BCBS Montana data breach affecting up to 462,000 may reach court
A Conduent-linked cyber incident may have exposed up to 462,000 Blue Cross Blue Shield of Montana members; BCBSMT has sued to block the state auditor’s probe, raising local privacy and transparency concerns.

Blue Cross Blue Shield of Montana has asked a Helena district court to halt an administrative investigation by Montana State Auditor James Brown into a data breach tied to third‑party vendor Conduent that may have exposed the personal and medical information of up to 462,000 members. The move brings the dispute over notification timing, regulatory authority and consumer protections to Lewis and Clark County’s courthouse.

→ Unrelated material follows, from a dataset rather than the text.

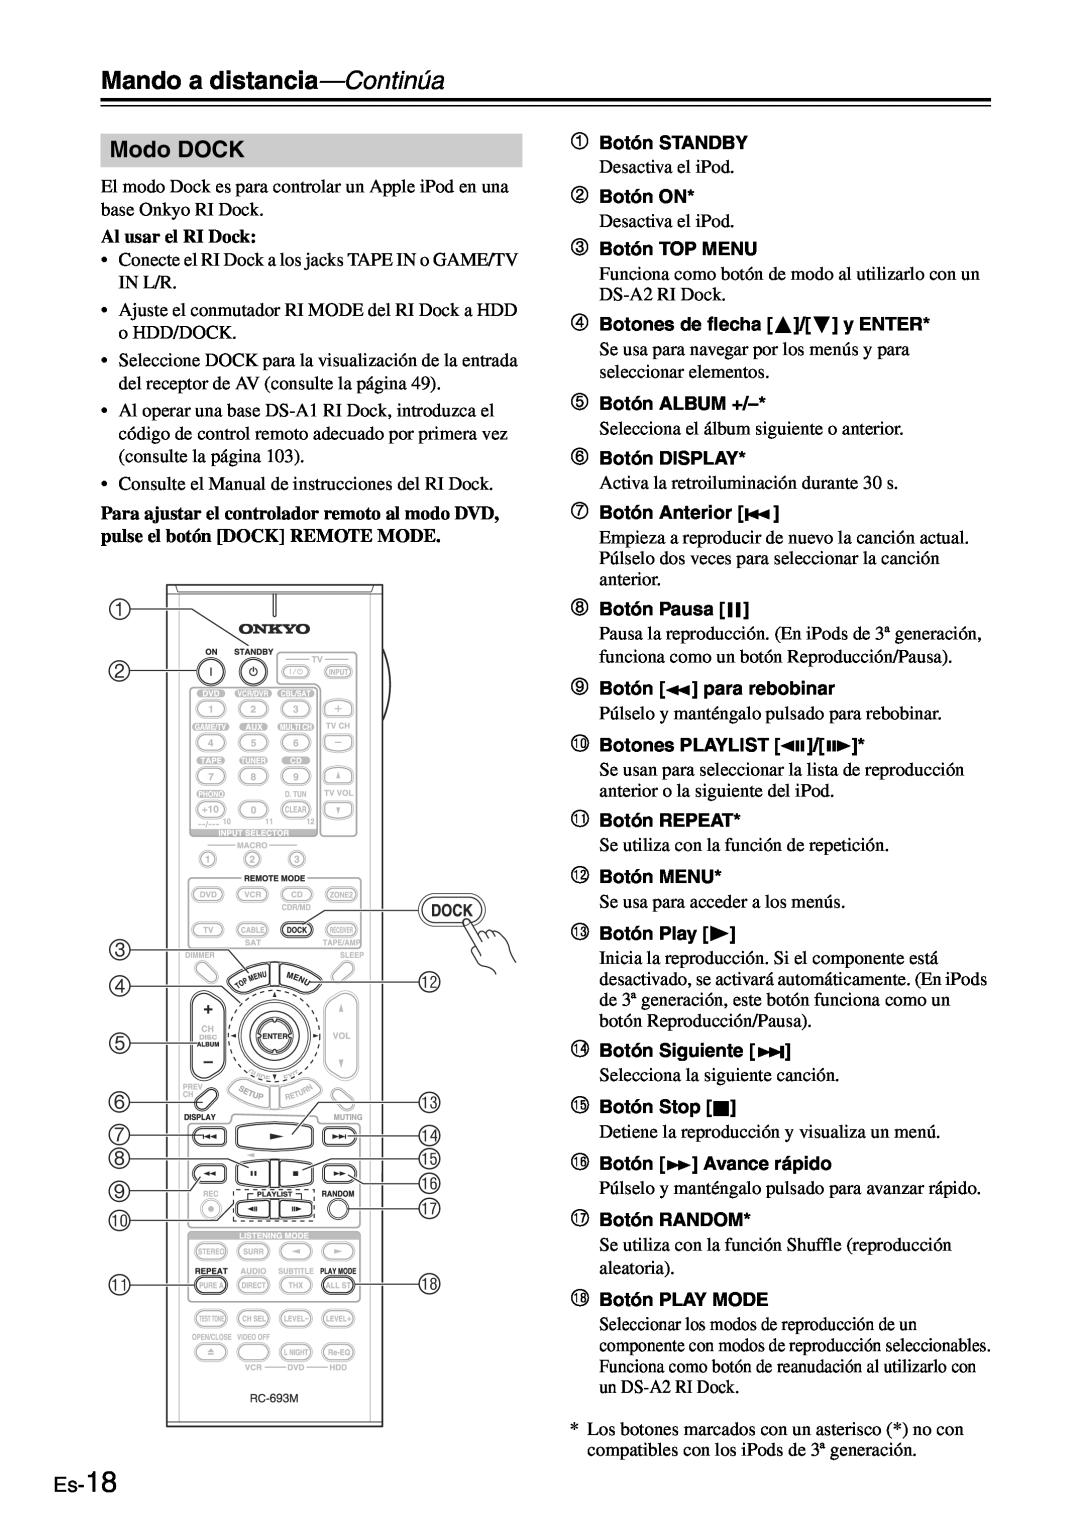 Onkyo TX-SR705 manual Modo DOCK, Es-18

The cyber incident was reported to have taken place between October 2024 and January 2025. BCBSMT says it first learned of the incident in January 2025 but did not determine that Montana customers were likely affected until about eight months later. The company reported the matter to the auditor’s office in October 2025, prompting James Brown to open an administrative investigation into whether state breach‑notification law was violated.
BCBSMT, which operates under the Health Care Service Corporation umbrella, argues the auditor lacks authority to investigate because the statute the office cites “didn’t apply to Blue Cross Blue Shield at the time of the breach” and the insurer was “instead covered under a federal law.” In court papers and oral argument, a lawyer for the insurer urged a preliminary injunction, saying “Continuing with a public investigation … would cause irreparable harm to the corporation and create a legal knot that the courts would later have to untangle.”
State regulators have pushed back. Jack Connors, chief legal counsel for the insurance commissioner’s office, told the court that because BCBSMT first notified the auditor after the state law took effect, the company’s actions were “fair game to investigate.” Connors added, “They are trying to stop our investigation and the results of our investigation are going to be a document we are going to put out for the public to read.” He warned that if an injunction were granted, “past, present and future Blue Cross Blue Shield customers would be denied information they’re entitled to when making decisions about their health care and personal privacy.”

Conduent, a New Jersey‑based vendor used for BCBSMT back‑office work, is identified as the source of the leak in reporting but is not a subject of the auditor’s probe. BCBSMT has declined to comment on ongoing litigation.
For Lewis and Clark County residents and policyholders across Montana, the case raises concrete questions: when were affected members notified, what specific data elements were exposed, and whether state regulators can compel public findings and possible penalties. The auditor’s office has said it could seek fines of up to $25,000 per customer if wrongdoing is identified.
Procedural steps are now in the courts in Helena; attorneys met with witnesses in Lewis and Clark County District Court before Judge Christopher Abbott on Jan. 28, 2026, and further hearings and filings are expected. The outcome will determine whether the auditor proceeds with a public accounting of the breach and, ultimately, what information Montanans receive about risks to their health records and privacy.